• Records for this exercise
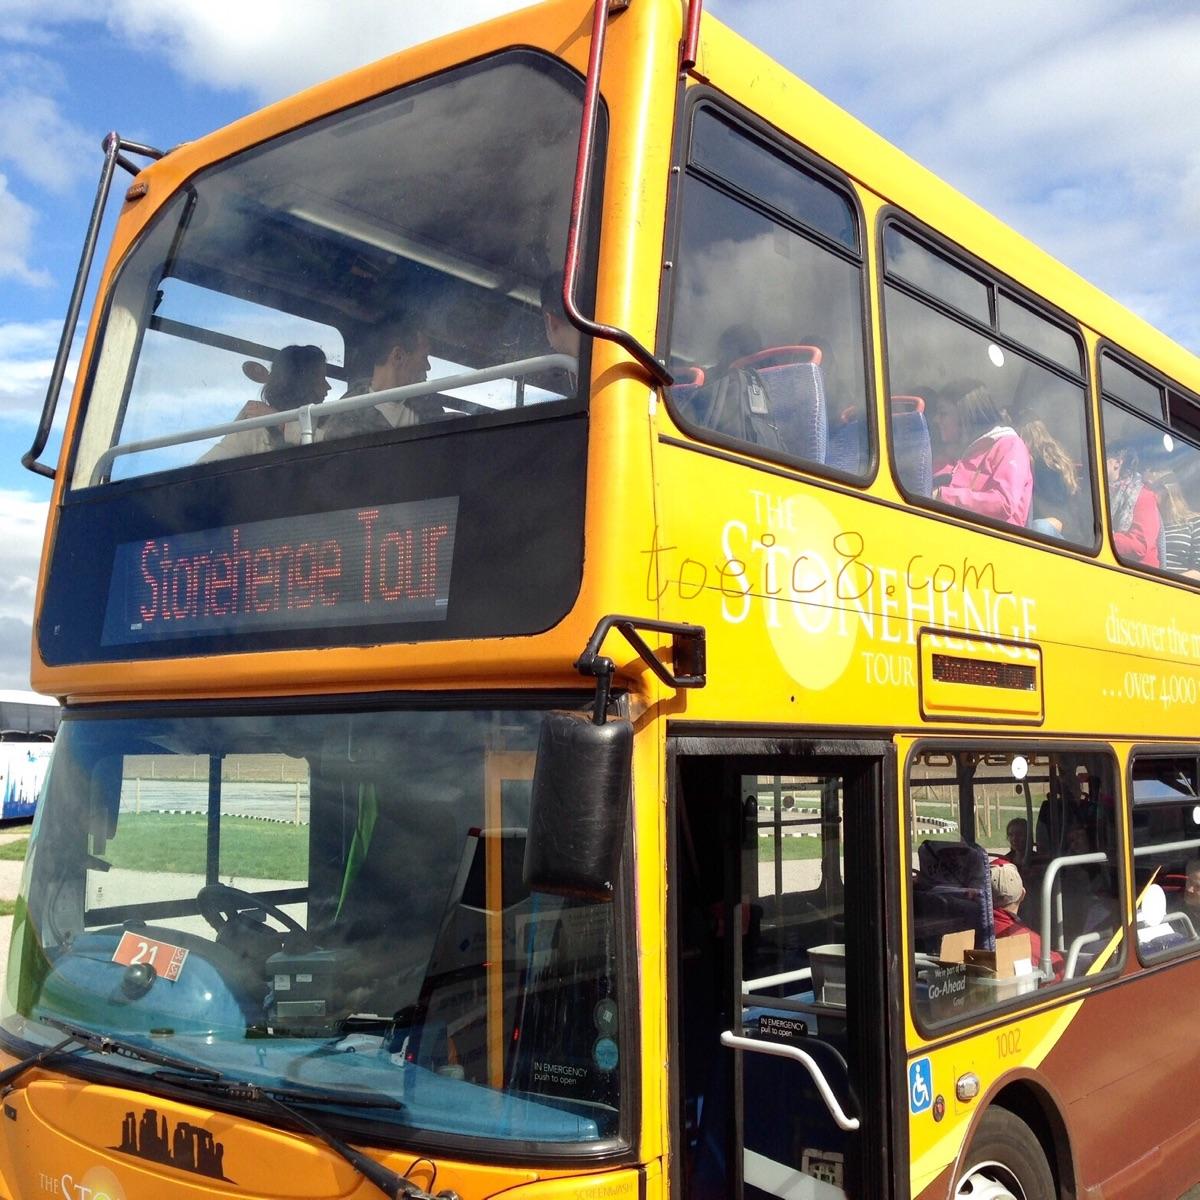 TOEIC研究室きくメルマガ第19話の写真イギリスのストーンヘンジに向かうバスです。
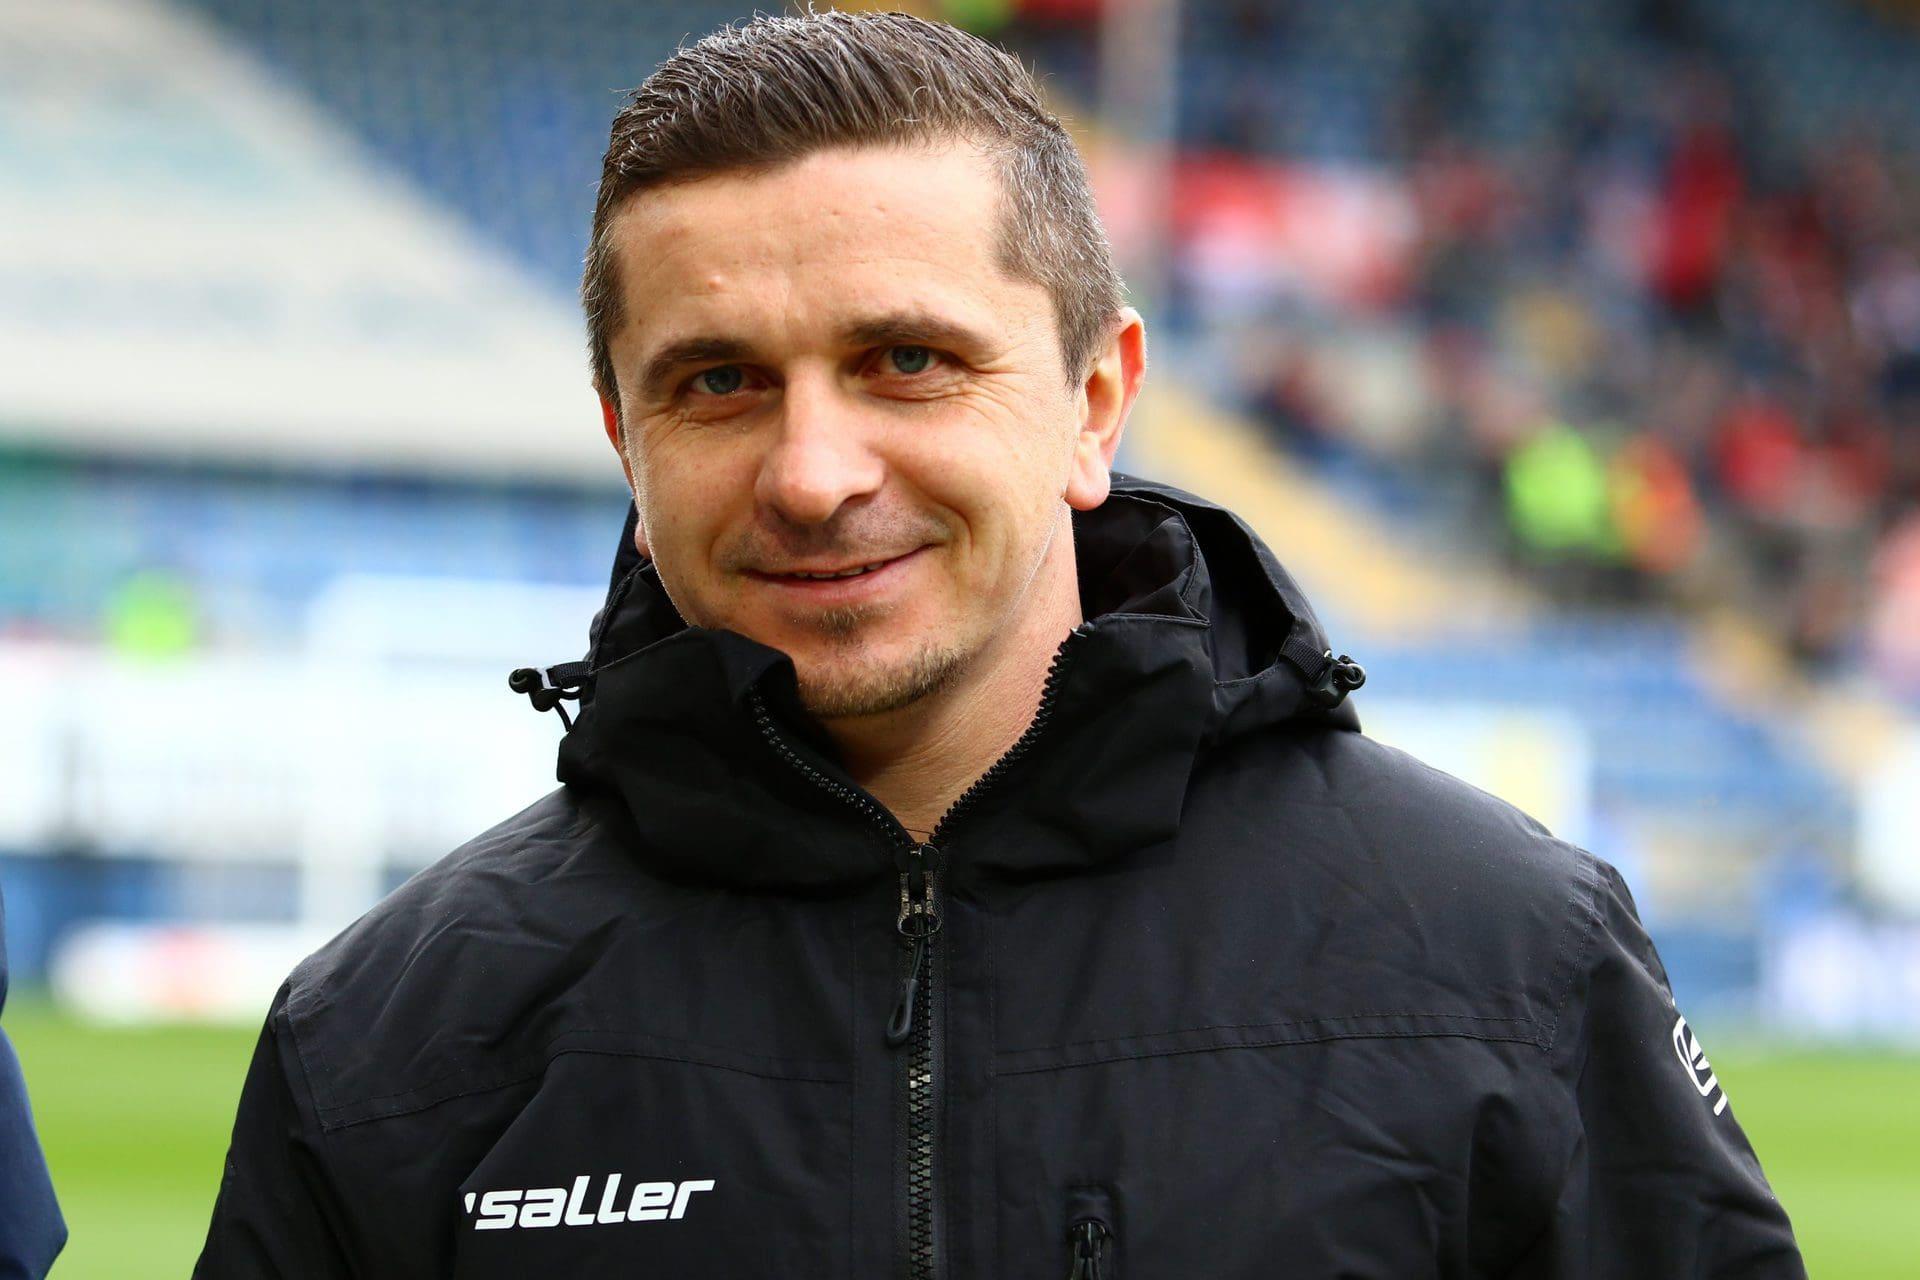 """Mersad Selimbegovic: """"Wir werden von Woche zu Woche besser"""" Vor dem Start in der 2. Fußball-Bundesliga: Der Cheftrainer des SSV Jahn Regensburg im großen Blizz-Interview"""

==

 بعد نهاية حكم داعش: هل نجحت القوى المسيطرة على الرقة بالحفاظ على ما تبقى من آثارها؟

• What is required
Take the material above from the line bearing "TOEIC研究室きくメルマガ" through the line bearing "werden von Woche" and write it out exactly, both end lines included. Pictures stay out.

• Solution to this exercise
 TOEIC研究室きくメルマガ第19話の写真イギリスのストーンヘンジに向かうバスです。
 """Mersad Selimbegovic: """"Wir werden von Woche zu Woche besser"""" Vor dem Start in der 2. Fußball-Bundesliga: Der Cheftrainer des SSV Jahn Regensburg im großen Blizz-Interview"""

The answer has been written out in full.